This would also allow you to extract out the subs without having to OCR them/get characters. Could just erase all static artifacts (including subs but also things like watermarks).




An approach I really want to try is taking a stream of the video without subs (can easily be found online) and subtracting the two. You'd have to deal with differences in resolution and compression between the two, and also handle cases where the background is either white or black, but in theory it should work very well. I haven't had time to dig into this.


Seems like you could get gstreamer and some subtractive elements working pretty quick...
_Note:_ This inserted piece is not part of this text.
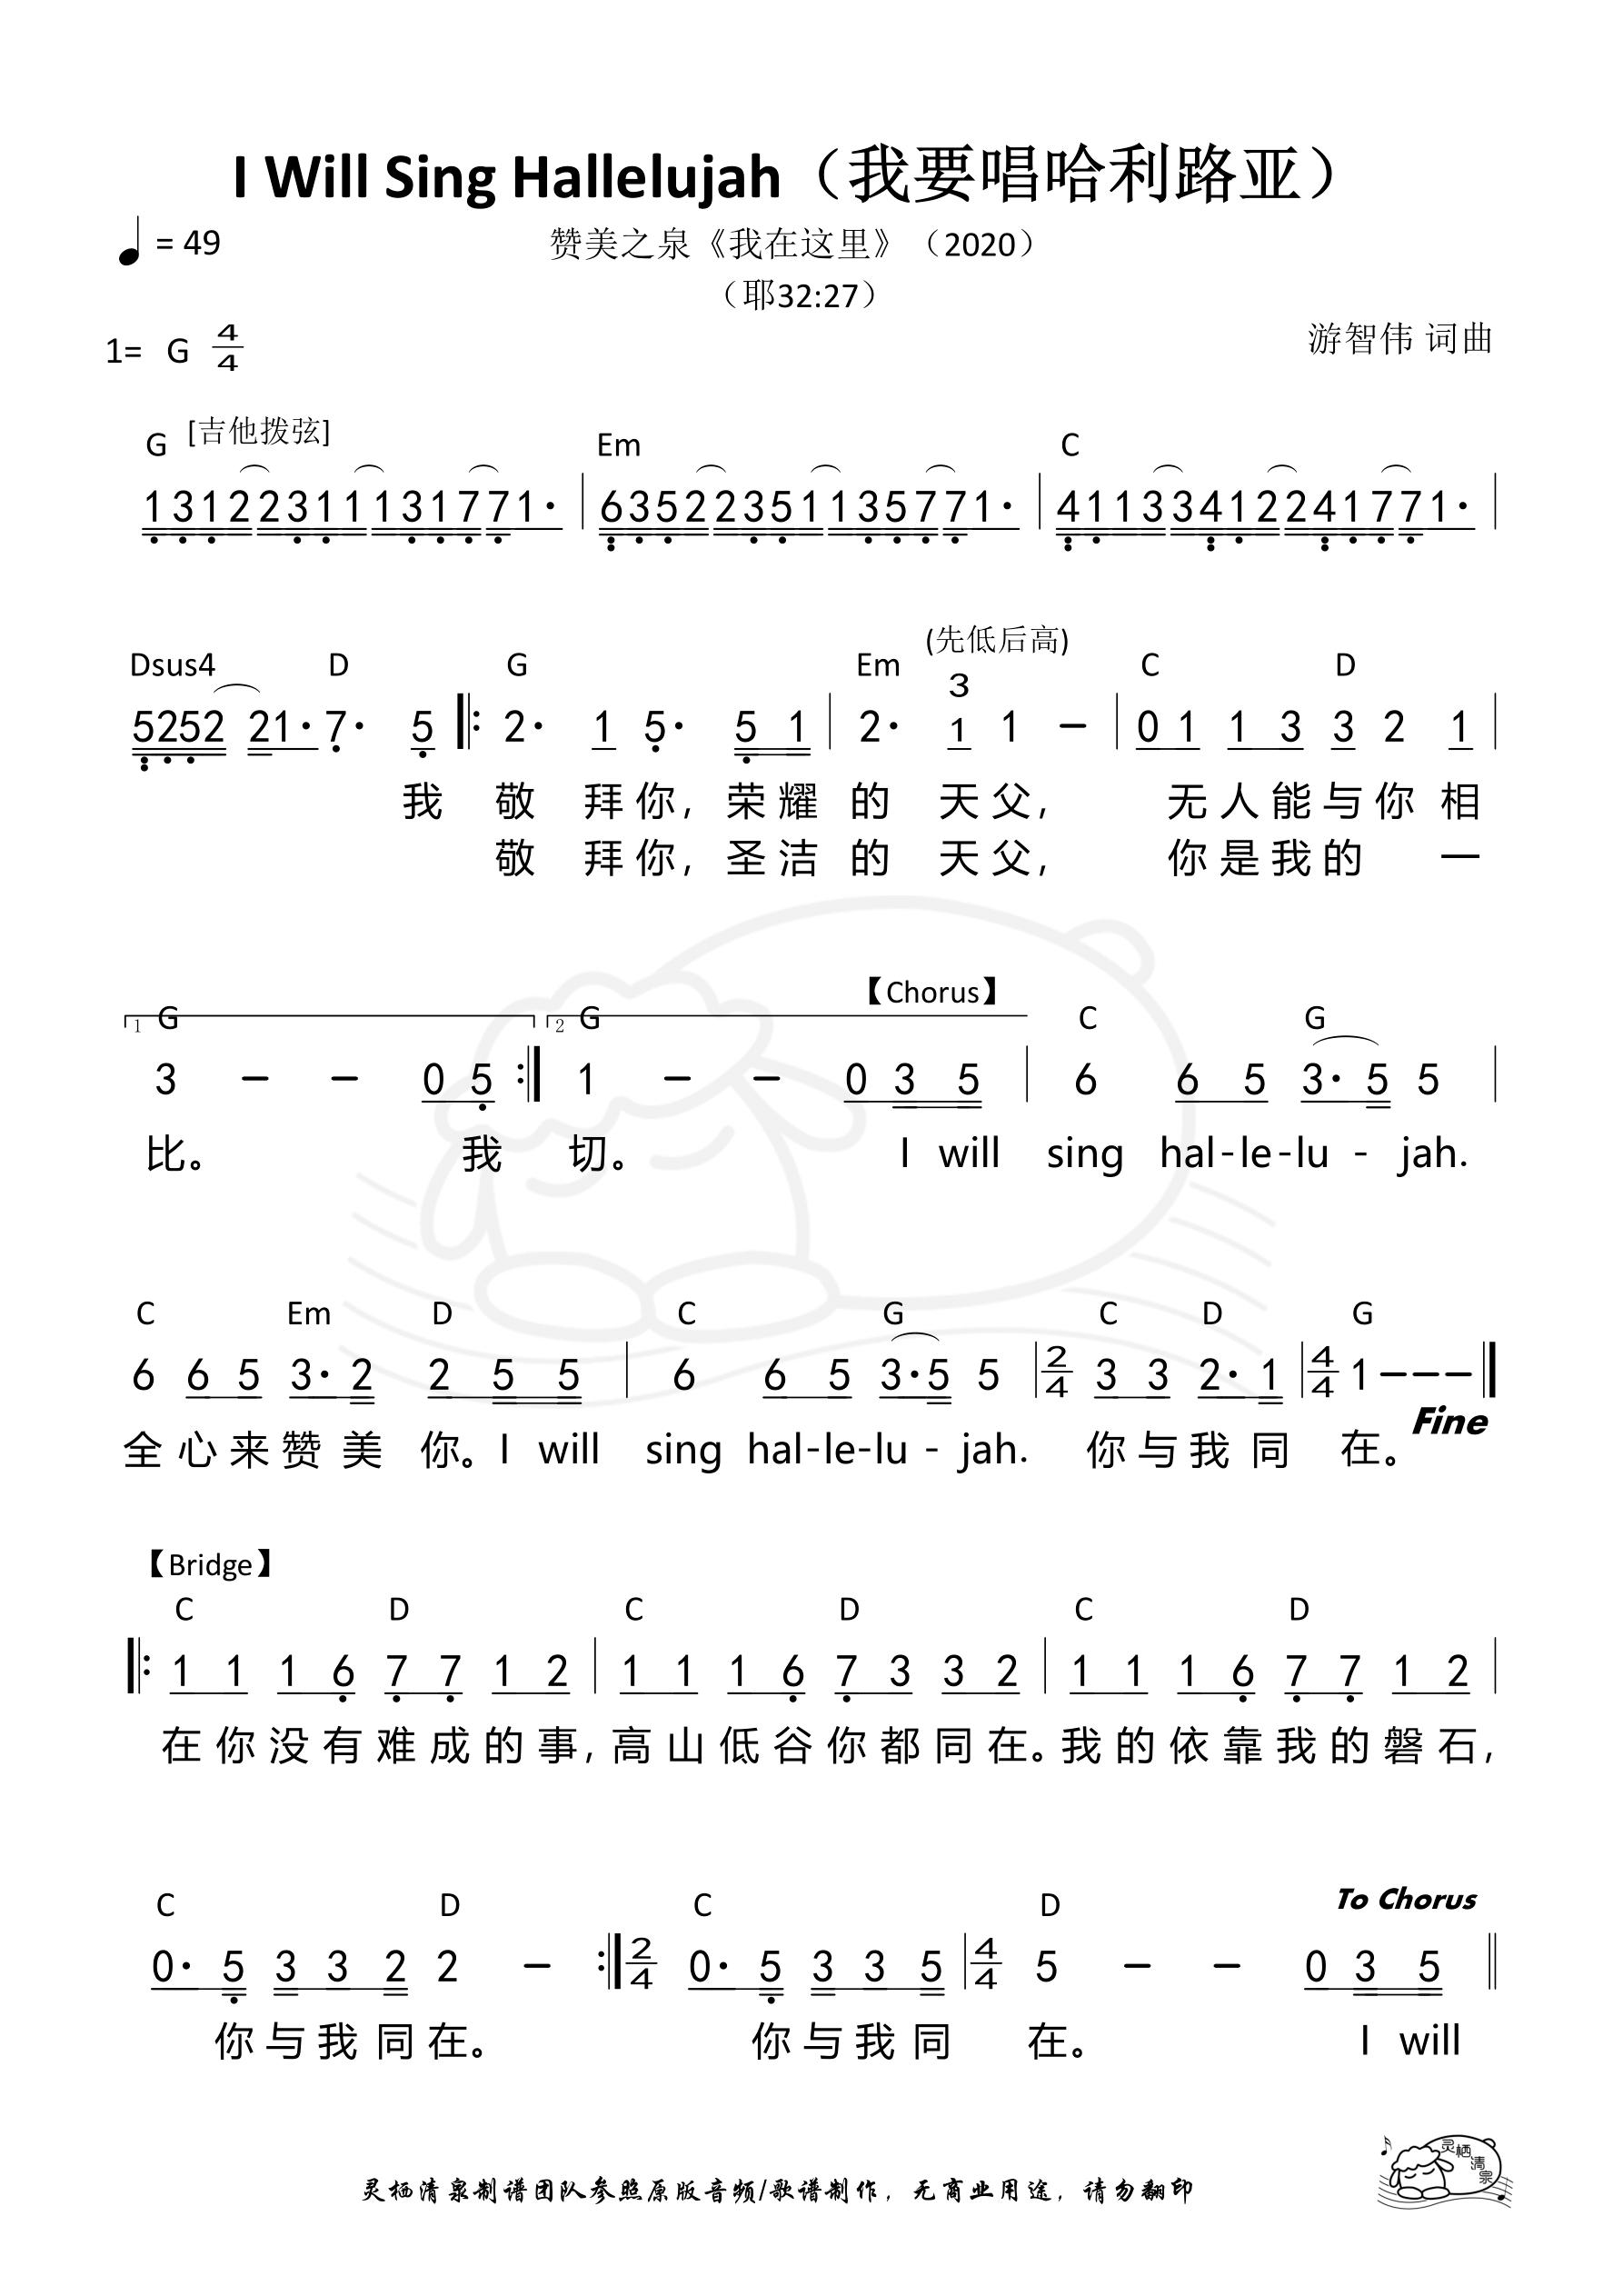 《第453首 - I Will Sing Hallelujah(我要唱哈利路亚) 和弦简谱》

Legitimate question: why would you want the first video (hardcoded subs) if you have a second stream without them, better resolution maybe?


In order to have access to vocabulary words. From the article: > I wanted to get a transcript of the episode’s dialog so I could study the unfamiliar vocabulary. Unfortunately, the video files I have only have hard subtitles


Makes sense, thanks. I went straight to the technical details and missed that part.


This has to be worth a try.


This only works if the camera isn't fixed, though. In the frame from the post it might erase the dashboard, the car roof, and so on.


Just define a small area of the screen to run on then. Subtitles are typically within a very small portion of the screen


Nope, every channel of CCTV seems to have its own subtitle convention.


Which is irrelevant to stripping subs from one movie at a time.